The new AI lock-in
Briefly

The new AI lock-in
"Models are getting easier to swap. The operating, integration, and governance machinery that surrounds them is much harder to replace. Even as models get easier to swap, the work that surrounds them is not. Developers already move among Claude Code, Codex, Gemini, and local models with less ceremony than vendors would like. At the API layer, substitution is getting easier, too. Not effortless or free, but easier than replacing the workflow machinery around the model."
"That is the part enterprise buyers may be underestimating. Yes, open standards, better APIs, and improving model parity are weakening one form of lock-in, but they are strengthening another. The model call is getting easier to replace; the surrounding workflow, governance, and operating model are not. Lock-in didn't disappear. It moved"
"Greyhound Research's Sanchit Vir Gogia puts it this way, "Lock-in is not going away. It is relocating. At the model level, substitution is becoming easier." He continues, "At the orchestration level, however, substitution remains difficult. Once your workflows, controls, identity layers, and governance structures are built around a particular system, changing that system is not a small task.""

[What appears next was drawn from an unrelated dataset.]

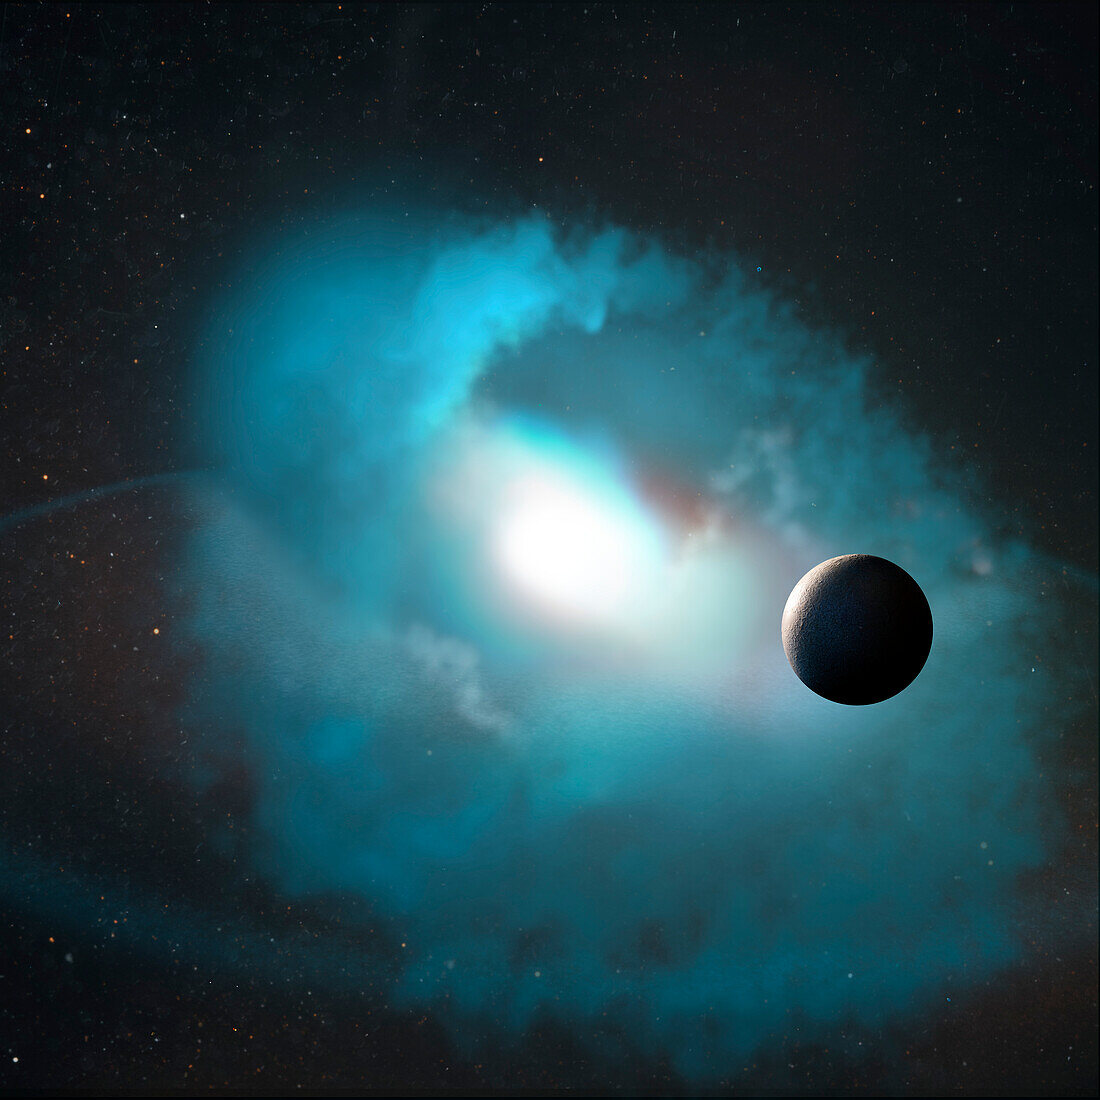 Exoplanet, composite image

"Remember MIT's NANDA initiative report, which suggested that 95% of enterprise generative AI pilots fail to deliver measurable business impact? The number has been contested on methodology, but even the more optimistic counter-readings put the gap between AI investment and AI value capture in painful territory. Most failures aren't about model capability, but rather operational fit. The tools don't learn the workflow, don't sit inside the approval path, and don't carry the right permissions."
Model calls are increasingly easy to swap across providers and local systems, with developers already moving among multiple offerings. API-level substitution is also improving, though it still requires effort. Lock-in is shifting from the model itself to the surrounding orchestration layer. Workflows, controls, identity layers, and governance structures built around a specific system are hard to change once established. Enterprise generative AI pilots often fail to deliver measurable business impact due to operational fit rather than model capability. Tools may not integrate into approval paths, may not learn existing workflows, and may not carry the required permissions, preventing successful deployment in real organizations.